Number Theory question

[Steven G]

I tried everything I know about number theory ( a course which I never took before) but can not solve the problem below. Can someone please solve it for me or give a leading hint? Thanks!

Prove that there exist two distinct natural numbers m and n with m, n≤2049 such that 19^m−19ⁿ is divisible by 2019.The truth of this claim does not depend on the exact values 19, 2019, and 2049. So, your solution should give an argument that is easy to adapt to other values for these constants rather than, say, using a computer program to find specific values for m and n.

 

[Deleted member 4993]

I tried everything I know about number theory ( a course which I never took before) but can not solve the problem below. Can someone please solve it for me or give a leading hint? Thanks!

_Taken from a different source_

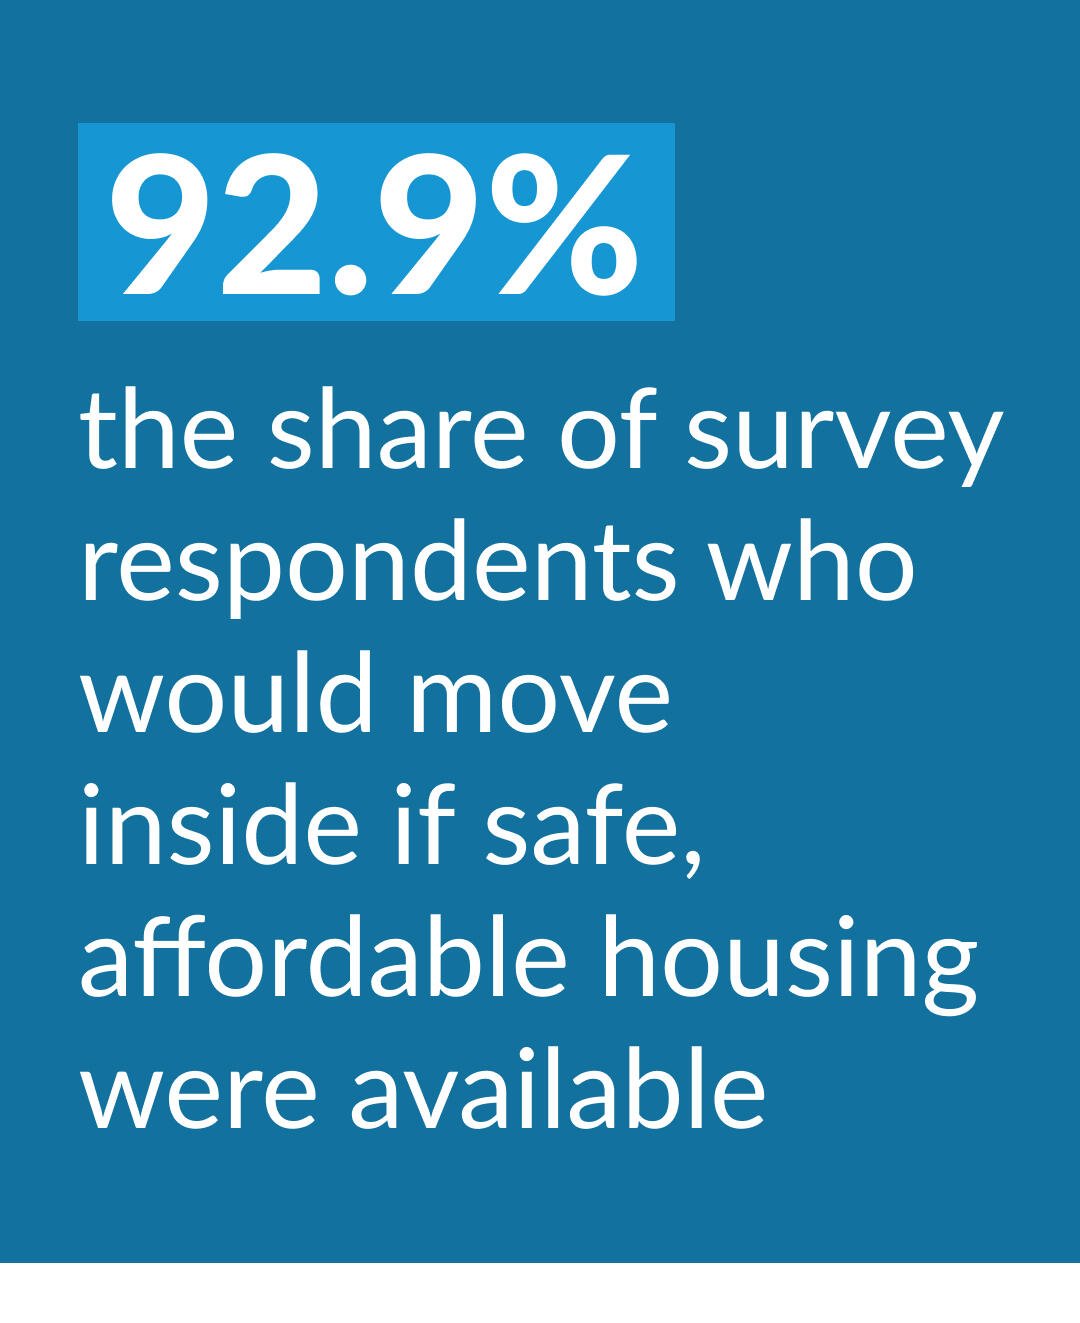 92.9% of the share of survey respondents who would move inside if safe, afforable housing were available.

Prove that there exist two distinct natural numbers m and n with m, n≤2049 such that 19^m−19ⁿ is divisible by 2019.The truth of this claim does not depend on the exact values 19, 2019, and 2049. So, your solution should give an argument that is easy to adapt to other values for these constants rather than, say, using a computer program to find specific values for m and n.

2019 is a prime number.

So for the conjecture to be true:

19^n is divisible by 2019 ......... and/or

[19^(m-n) -1] is divisible by 2019

It is always true that:

The unit at number for 19^(A) is either 9 [for odd A] or 1 [for even A]

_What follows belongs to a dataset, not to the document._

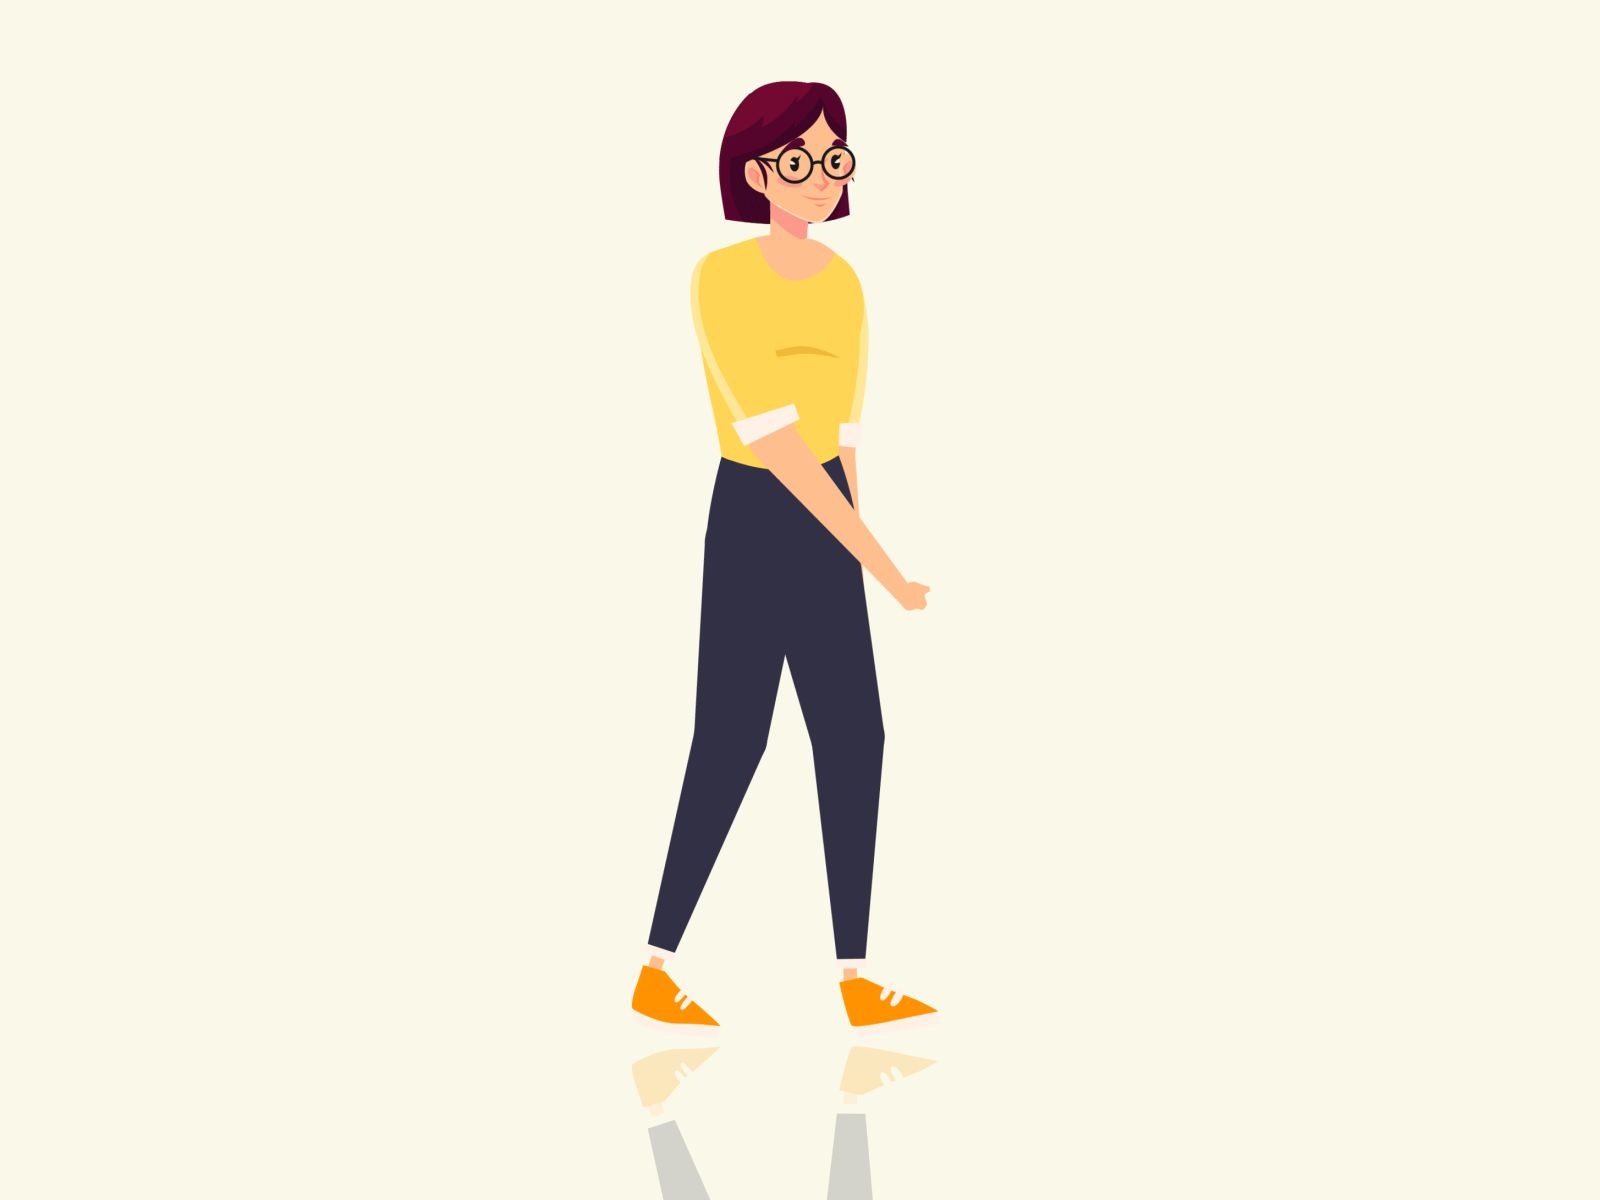 Walk cycle animation - Gif animation After Effects 2d 2d animation after effects animate animation character animation character design design dribbble explainer explainer video gif gif animation illustration loop animation motion motion design motion graphics walk animation walk cycle

19 and 2019 are relatively prime.

continue...

 

[Steven G]

2019 is a prime number.

So for the conjecture to be true:

19^n is divisible by 2019 ......... and/or

[19^(m-n) -1] is divisible by 2019

It is always true that:

The unit at number for 19^(A) is either 9 [for odd A] or 1 [for even A]

19 and 2019 are relatively prime.

continue...

Honestly, that is exactly how far I got. May I get another hint?

 

[Deleted member 4993]

Honestly, that is exactly how far I got. May I get another hint?

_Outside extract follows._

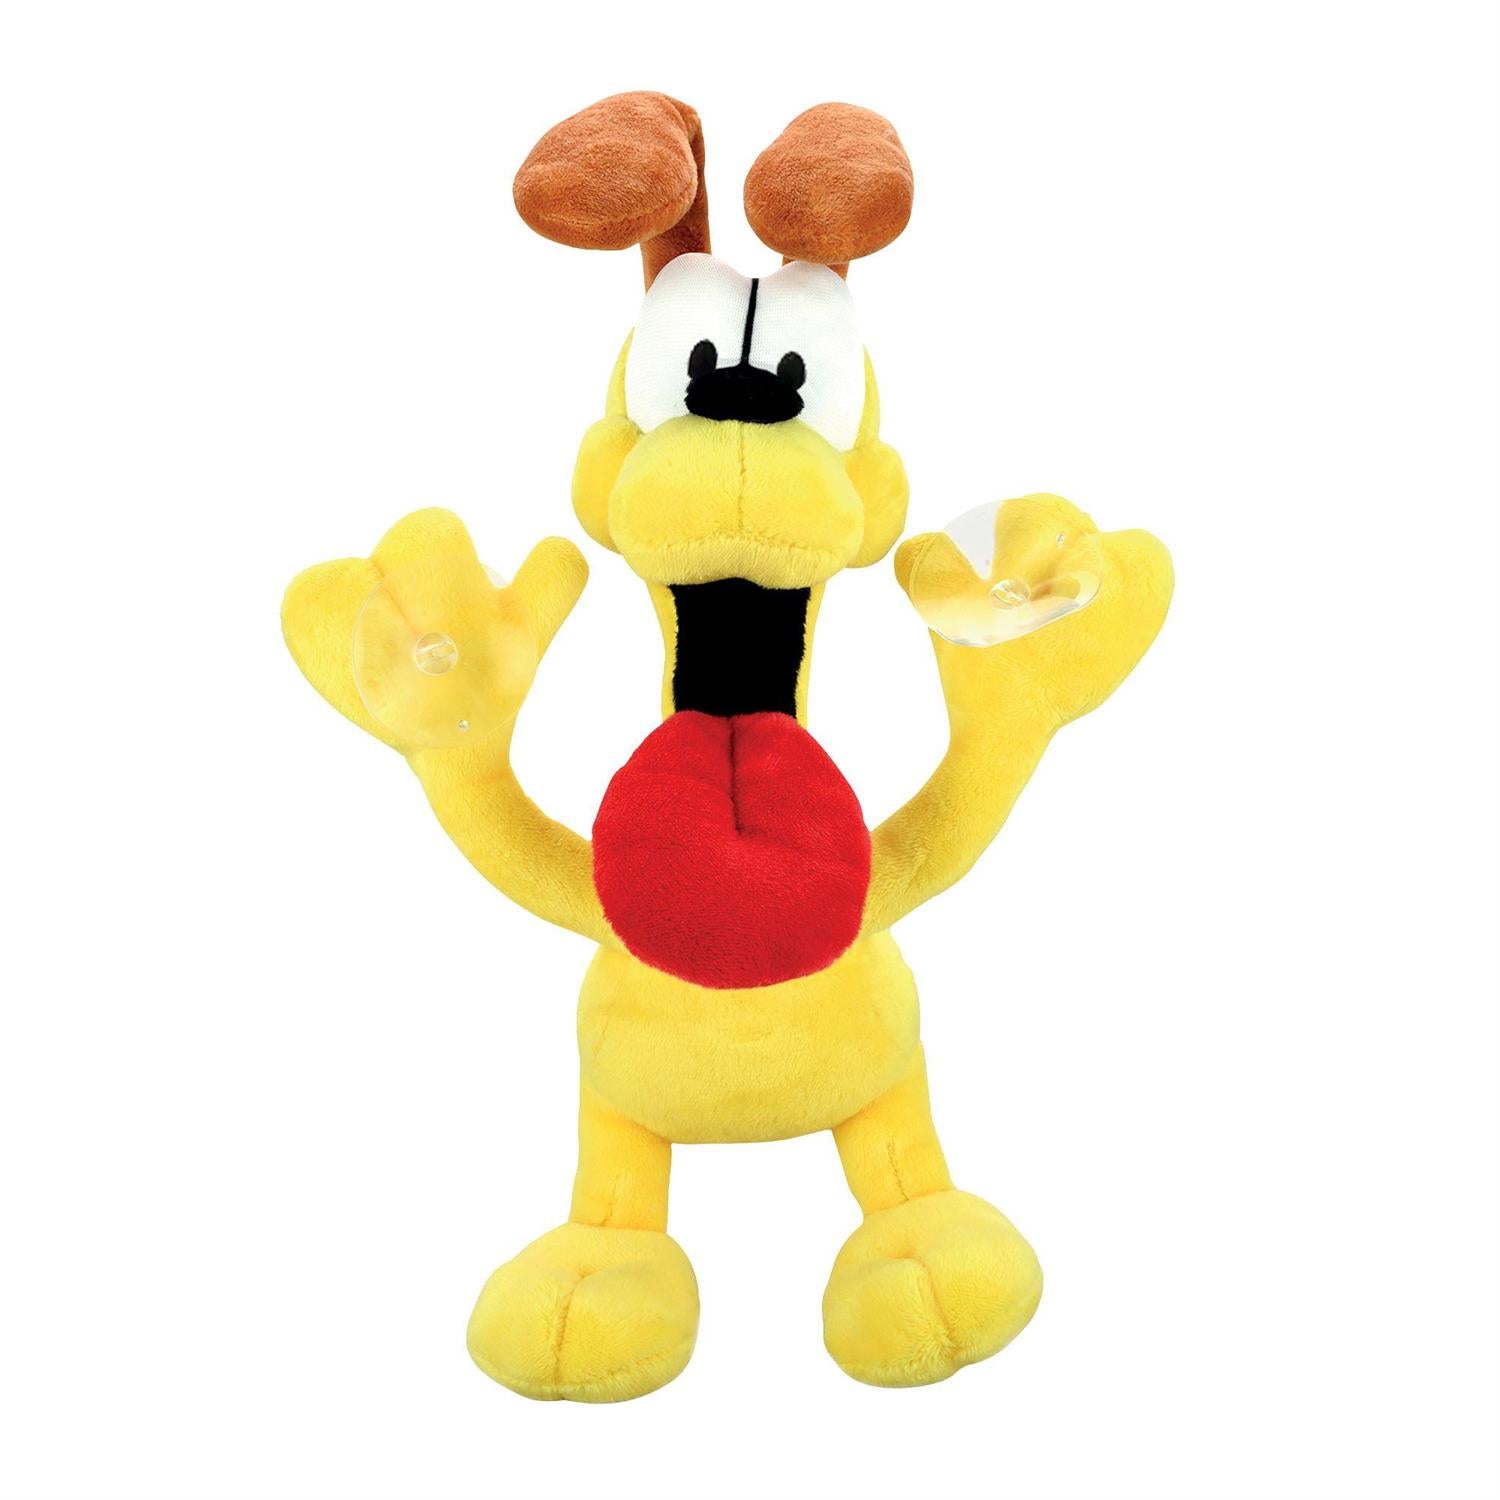 Odie Plush Window Clinger, 8.27 inches Tall, with Suction Cups

Why did not you tell us about your journey in the OP?

2019 cannot divide into 19^m !

So the culprit must be the other factor ... . Continue...

 

[Steven G]

Why did not you tell us about your journey in the OP?

2019 cannot divide into 19^m !

So the culprit must be the other factor ... . Continue...

Yes! So [19^(m-n) -1] is divisible by 2019.
I then said 19^(m-n) = 1 mod 2019. This is honestly how far I got. WA gave me the solution but when I explain this to my student I can't use software.